Toxic epidermal necrolysis

An extremely rare skin condition that causes large portions of the epidermis (the outer layer of skin) to fall off; also known as ten syndrome or toxic epidermolysis bullosa. Toxic epidermal necrolysis is usually caused by a severe drug reaction to medications such as sulfonamides or seizure medications. In t his condition, fever and cough are followed by the development of purple, target like lesions on the skin. The lesions merge and blister, and, eventually, the skin is shed. Diagnosis of toxic epidermal necrolysis is made according to the appearance of the skin lesions and a medical history that includes the recent prescription of a new medication. Doctors generally consider toxic epidermal necrolysis to be a particularly severe form of erythema multiforme, a type of skin reaction in which target like lesions appear on the skin and sores develop on the mucous membranes.


A rare, often life-threatening illness marked by scaling and shedding of the skin and mucous membranes.
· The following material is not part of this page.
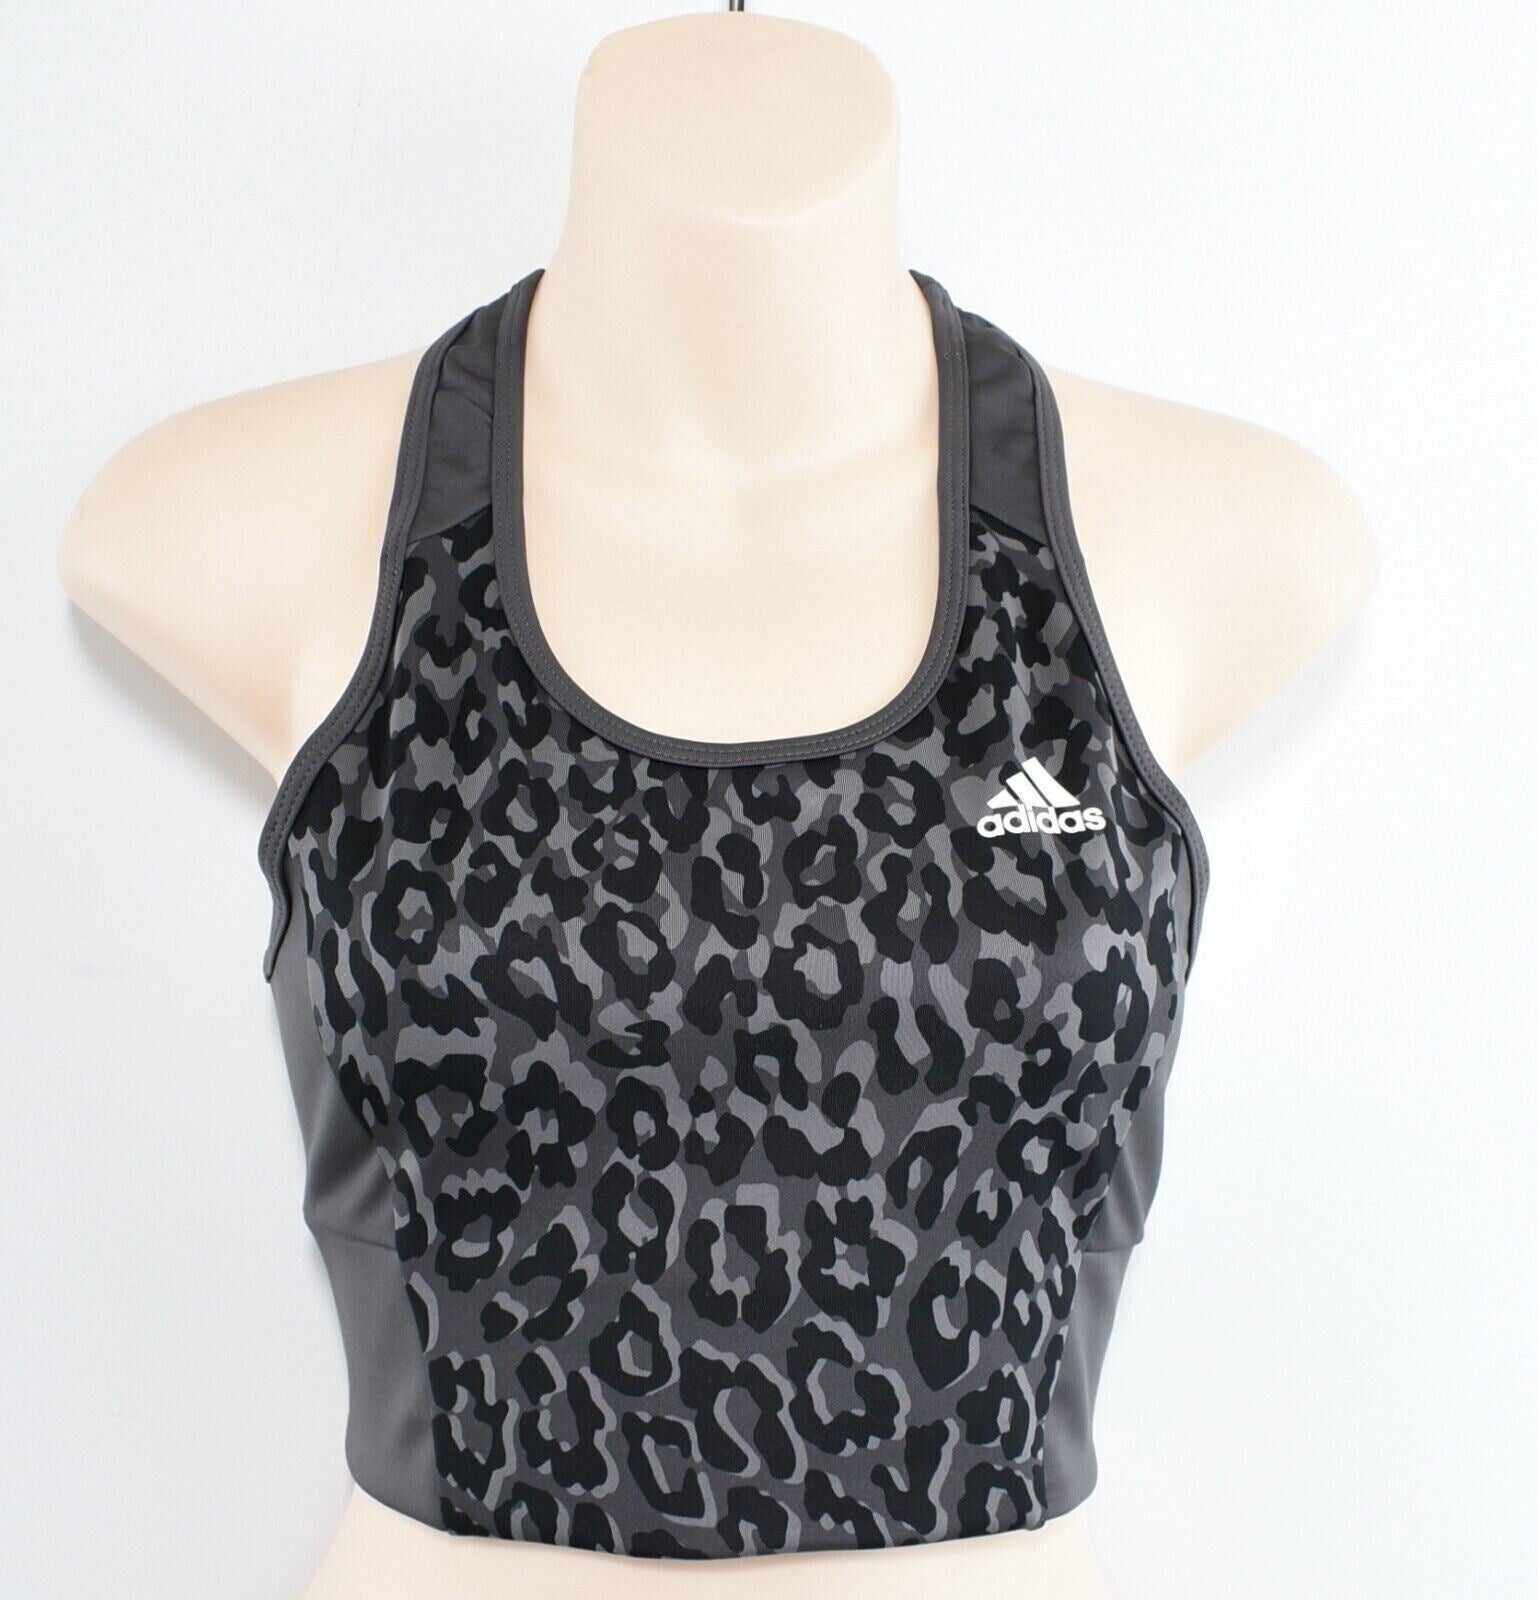 ADIDAS Womens Workout Gym Bra Top, Black/Grey Leopard Print, size M /UK 12-14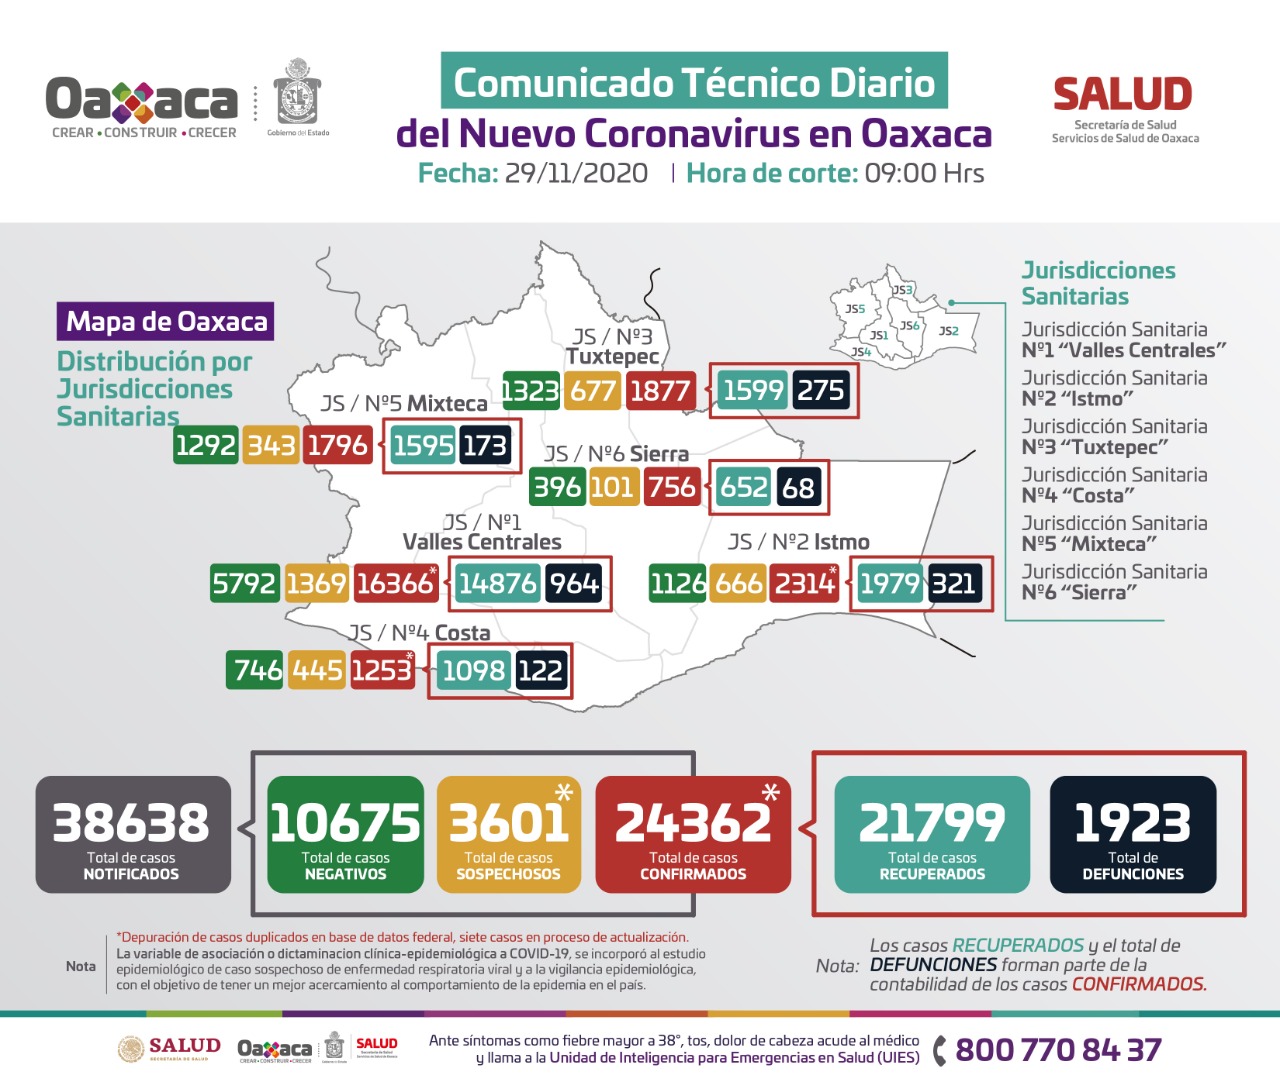 Suspenden en Oaxaca actividades eclesiásticas por pandemia de Covid-19: Casas Escamilla

It usually is caused by an adverse reaction to a drug. Treatment is similar to that for patients with extensive burns.


An intense rash characterized by blistering, causing the outer layers of the skin to detach and reveal extensive regions of red, exposed skin. This condition poses the potential for extensive infection and the loss of bodily fluids and essential salts.


An adverse reaction to a drug, notably barbiturates, sulphonamides, or penicillin, is the leading cause of toxic epidermal necrolysis. Typically, ceasing the use of the responsible medication leads to the resolution of the condition. In certain cases, intravenous fluid replacement might be required.


In neonates, this situation can stem from a staphylococcal infection and is termed scalded skin syndrome. The approach to treatment involves administering antibiotic medications and replenishing fluids.